RCR, Thank you again for your time. Your article, by the way, was fabulous and very well written. I think that, as we talked about on the Deliverance thread, I am at a place to really "get" it. I don't think I was ready back when it was written.
Maybe it was the wrong thing to do, but I e-mailed my H some of the stuff BB and I were discussing. I don't know why her posts got to me the way they did. I am sure others (Probably Betsey and Meredith, and of course my H himself!) tried to tell me the same things, but this time it really hit home. I actually felt sick that this was the way I was communicating to my H. I didn't want him to feel punished or not listened to by me. It was awful to feel all of those emotions. So, as I said, I e-mailed him some of the exchange. I then apologized for making him feel this way. I explained to him that I knew he tried to tell me some of those things, but it took an outsider explaining my patterns for me to be able to see them more clearly. I told him that I didn't expect anything in return, I just wanted him to know that I was so very sorry.
He wrote back. He told me that I was correct, that he has been telling me the same things for a year or so. He then said: "I think one of the problems is that you had to hear it from an outsider." I am not sure how to take that. I don't know if he meant that he sees now that he couldn't be the one to get through to me, or that it is a problem that I needed an outsider to tell me something that he tried to tell me himself. That is the problem with e-mails and posts. Things can be taken in so many ways.

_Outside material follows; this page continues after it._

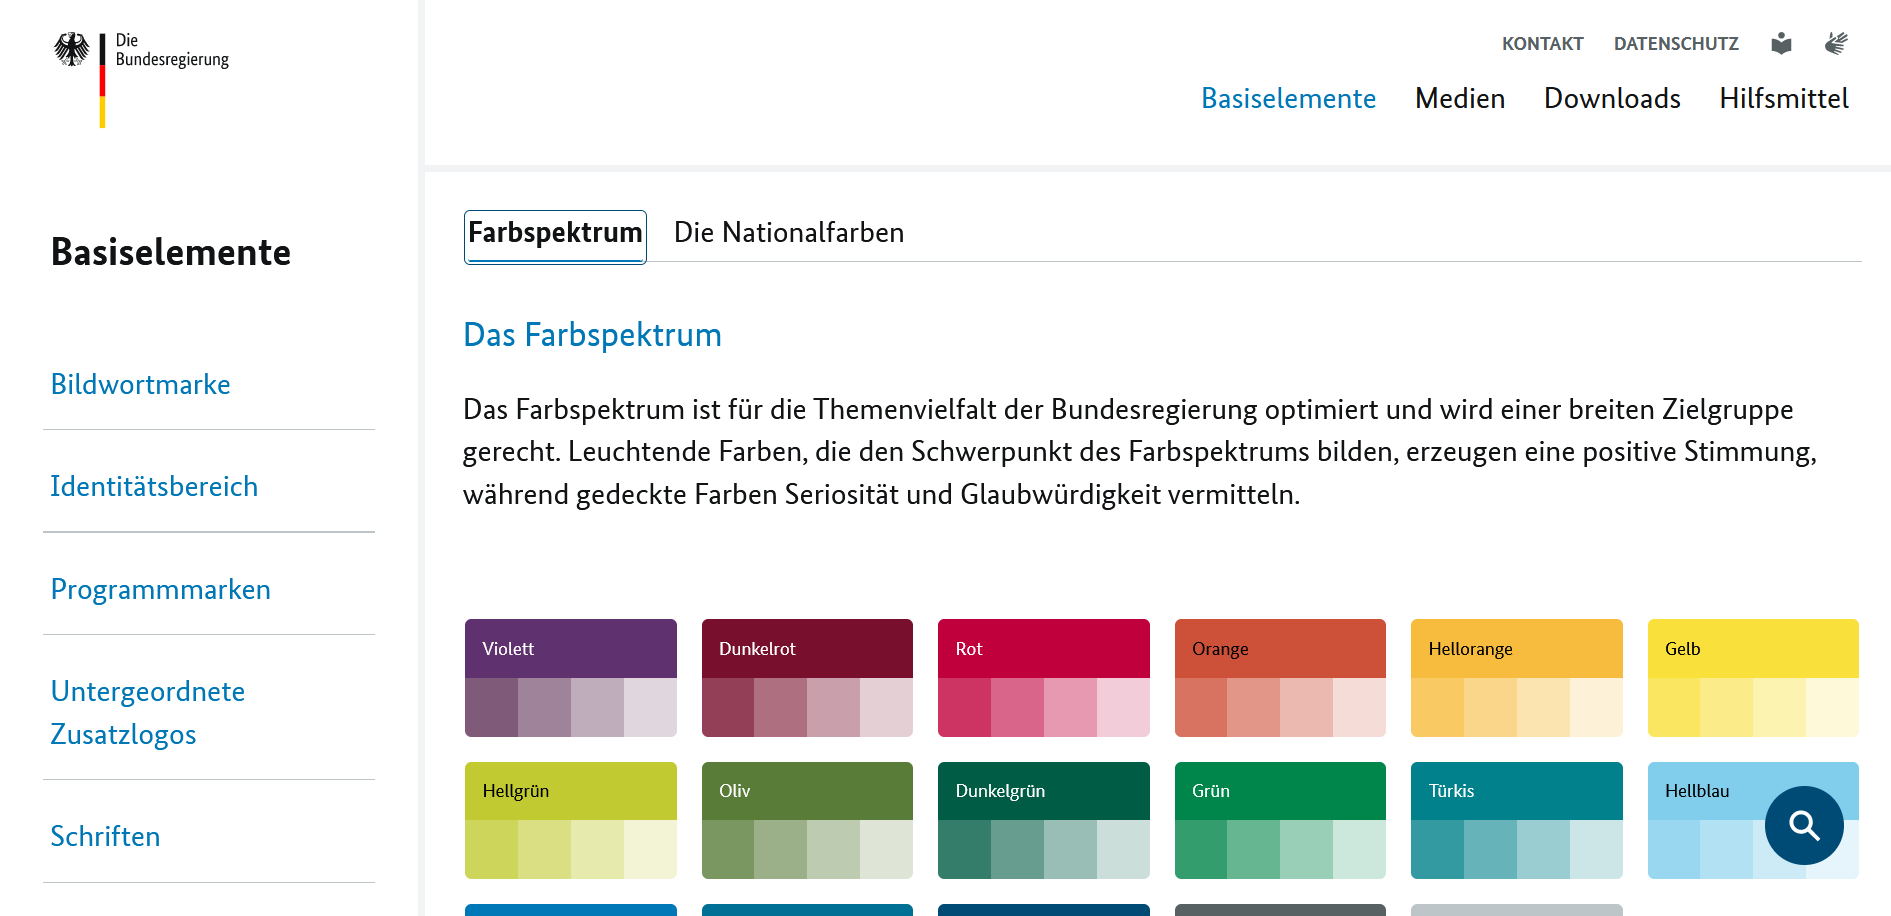 Screenshot vom Online-Styleguide der Bundesregierung mit dem Farbspektrum der Bundesregierung

He went on to say that he has been telling me that I don't listen. He said that I get something in my head and I try to make it happen, whether it is good or bad.
He said that BB was right, that it doesn't take much to scare him off, given our history.
He also said that I need to be with someone who can get through my communication style and who won't take things to heart .
One thing that really hurt me (not as if the previous stuff didn't, but this really stung) is that he said that I look at the things I say in how it affects me instead of the people around me. This, he said, gives me license to say whatever I want. He, on the other hand, looks at how things affect others, and this results in him rarely talking.
He told me he hoped it made sense and said maybe we could talk about it another time.
I know that the optimists in the crowd will say, "hey, he opened up to you!" But it still makes me sad that this is who I am to him. It makes me sad that I couldn't understand what I was doing wrong. I knew something was wrong, but I just couldn't see my way out of it. I wanted to fix it, but kept overshooting the problem and going straight to piecing before I was anywhere near it. Of course this always resulted in feelings of failure and pain for both H and I. I am sorry that I didn't understand his pain. I was too wrapped up in mine. I hate that I was that selfish.